Institut für Signalverarbeitung, Universität zu Lübeck

26 Nov 2012 15:00
26 Nov 2012 16:30
INM-6, Bldg. 15.22, Seminar Room 3009, 1. OG

A unifying perspective on opposing neuromodulatry effects during synaptic transmission in D1-dominant MSN neurons

In order to give a better explanation for neurological diseases of our brain's dopamine (DA) processing areas such as the basal ganglia and the many side effects that today's clinical treatments cause, we should aim to understand these networks' activity dynamics, learning paradigms, and single-spike timing features from an information processing perspective. By increasing our knowledge of the neural spike code to a depth where we can understand and truly decode multisite electrophysiological recordings of spiking networks, we will be able to devise more informed treatments of many neurological disorders in the future. For example, the exact effect that dopamine has on synaptic transmission in a spiking network is still largely unknown, and many biological studies have arrived at inconclusive or opposing conclusions.

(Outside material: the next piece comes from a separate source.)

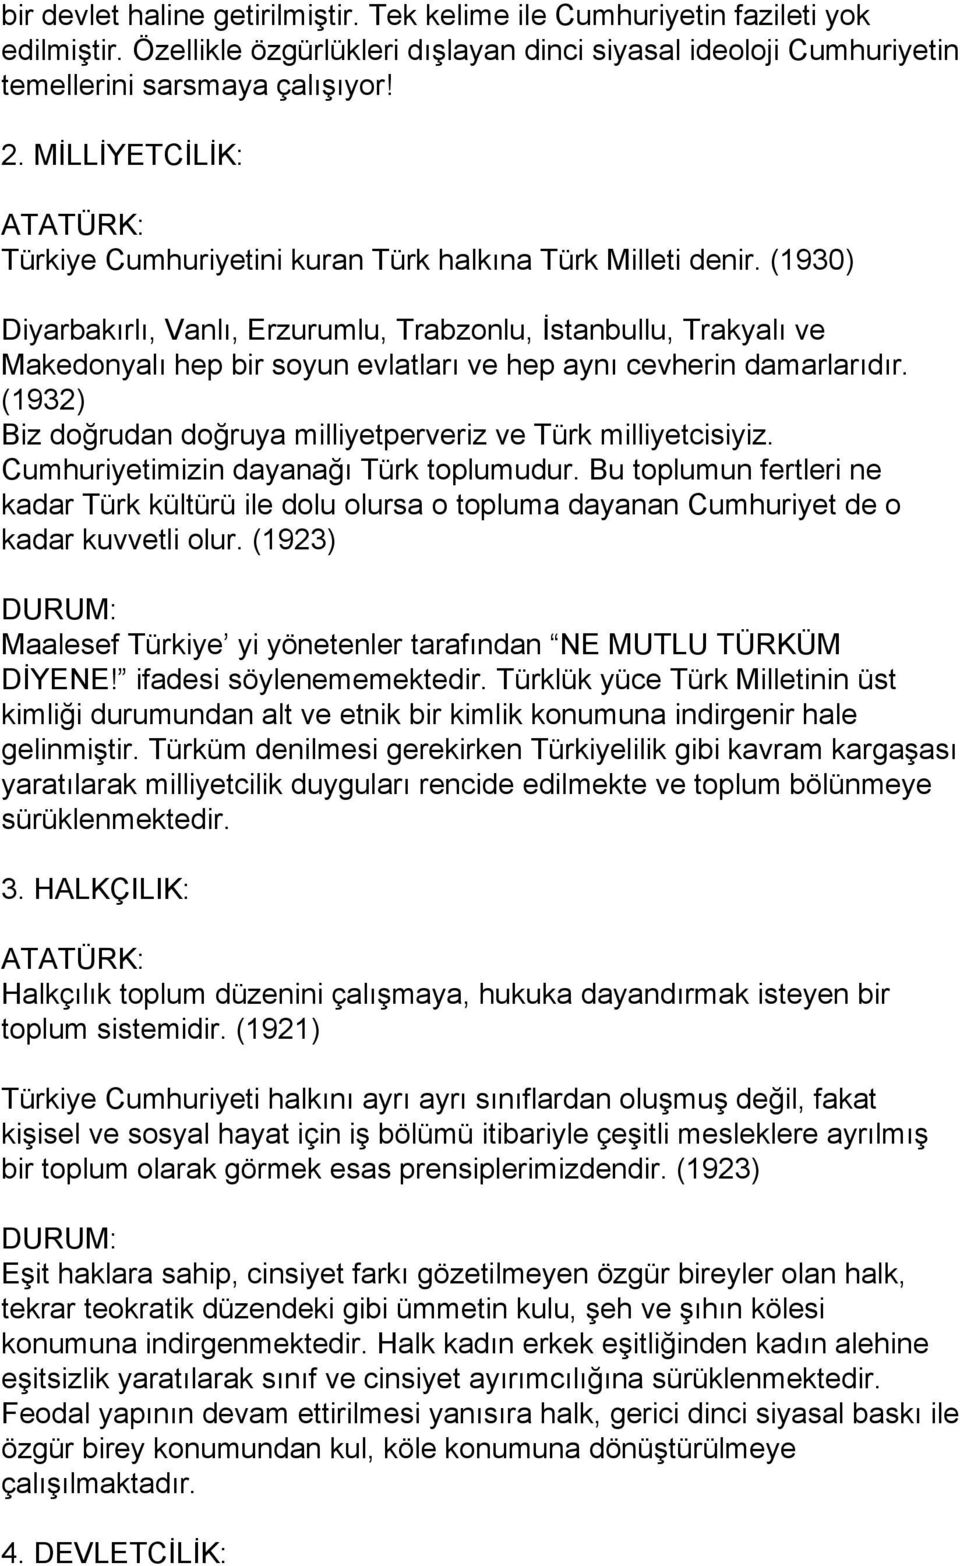 (1930) Diyarbakırlı, Vanlı, Erzurumlu, Trabzonlu, İstanbullu, Trakyalı ve Makedonyalı hep bir soyun evlatları ve hep aynı cevherin damarlarıdır.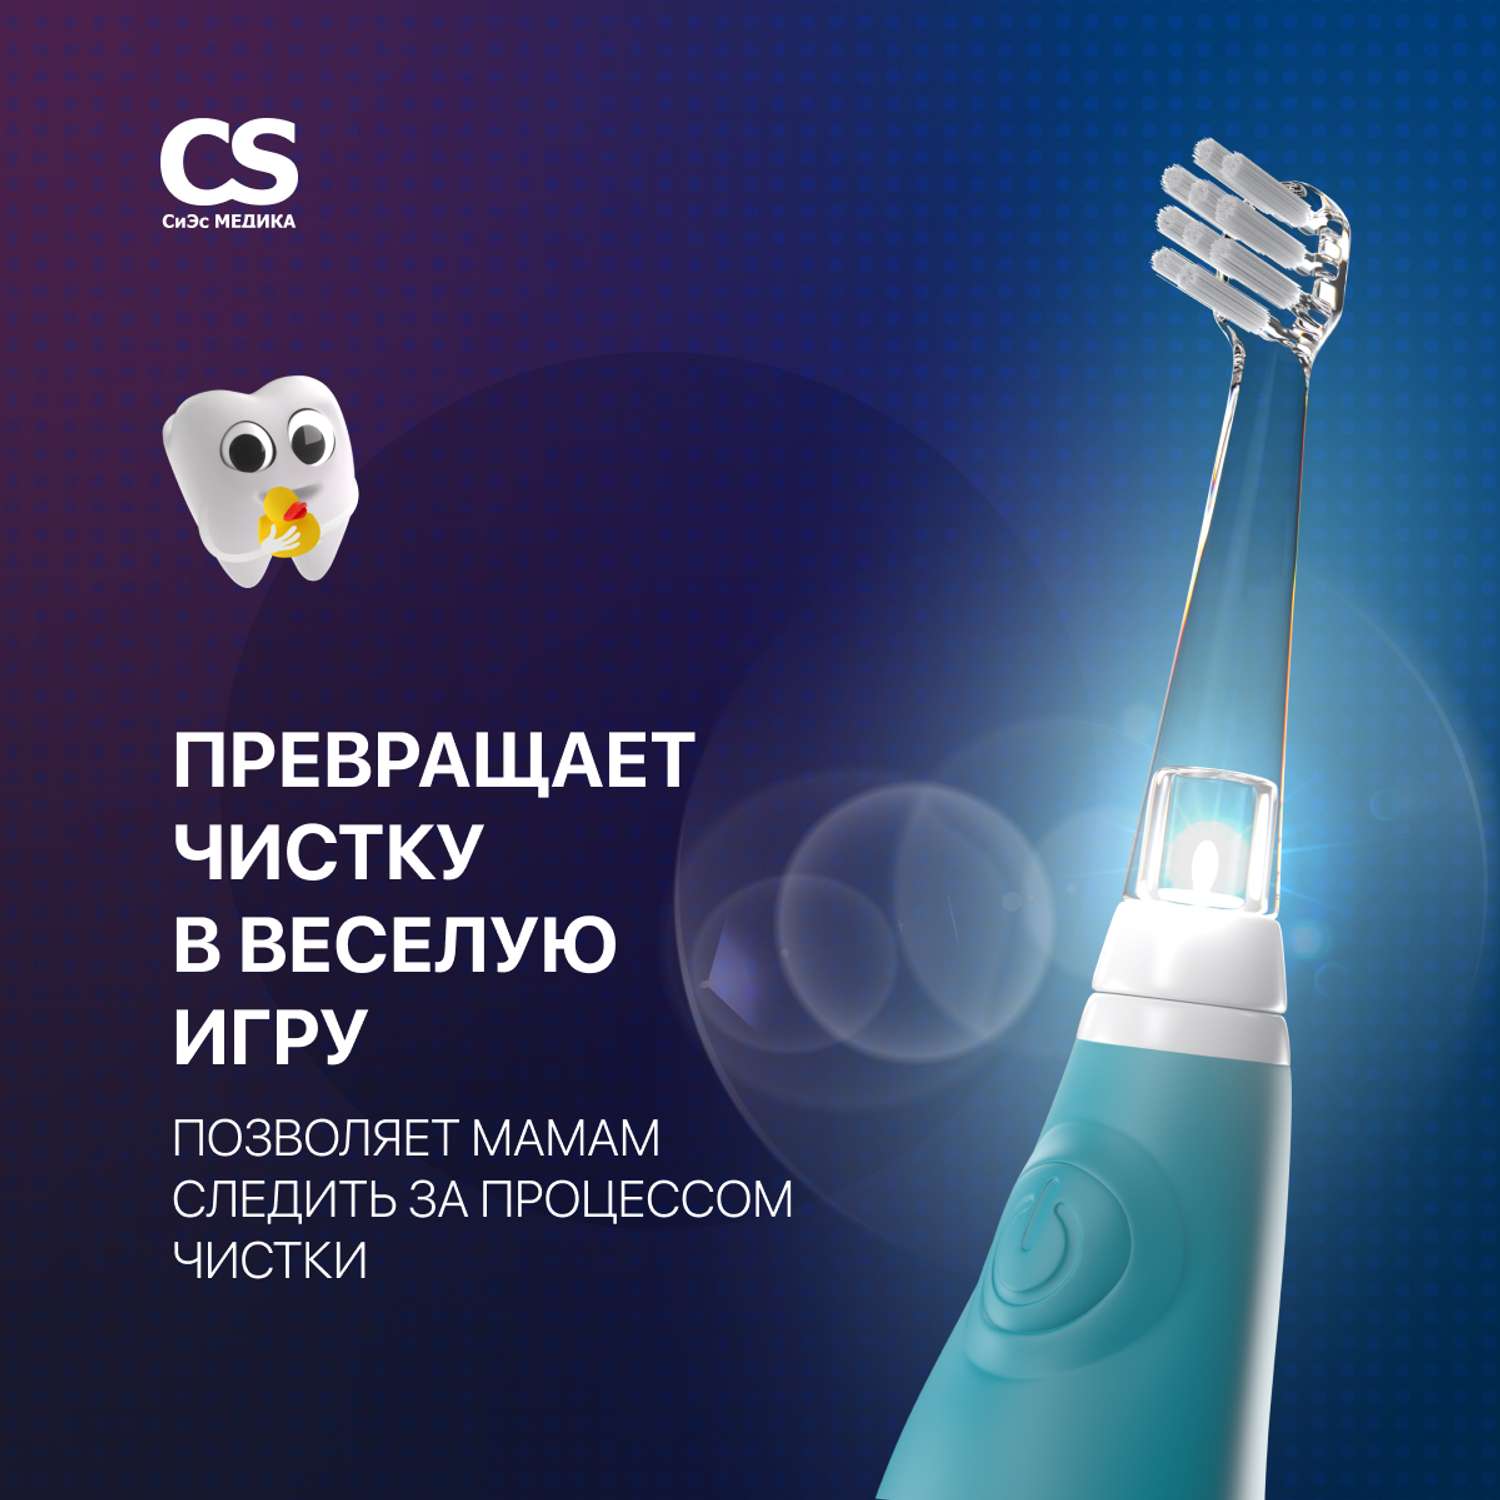 Электрическая зубная щетка CS MEDICA CS-561 Kids голубая - фото 2

While the application of (dopaminergic) reinforcement into a plastic neural network by three-factor learning rules can help to explain the influences in training outcome that varying activity of dopaminergic cells in the SNc/VTA seem to have, this broad multiplication is biologically questionable and does not account for instant dopamine-dependent changes of network activity during glutamatergic inputs, as the fast timescale of activity changes can not be the result of slow plasticity processes (e.g. R-STDP).

In my talk, I will present a unifying view on how opposing observations of neuromodulation may affect a spiking neural network, and suggest possible directions for further experimental curiosity. Instead of modelling changes of network activity as the result of slow DA-dependent weight changes, I show how DA-modulated synaptic efficacy may lead to both instant changes in postsynaptic activity and influence overall learning outcome.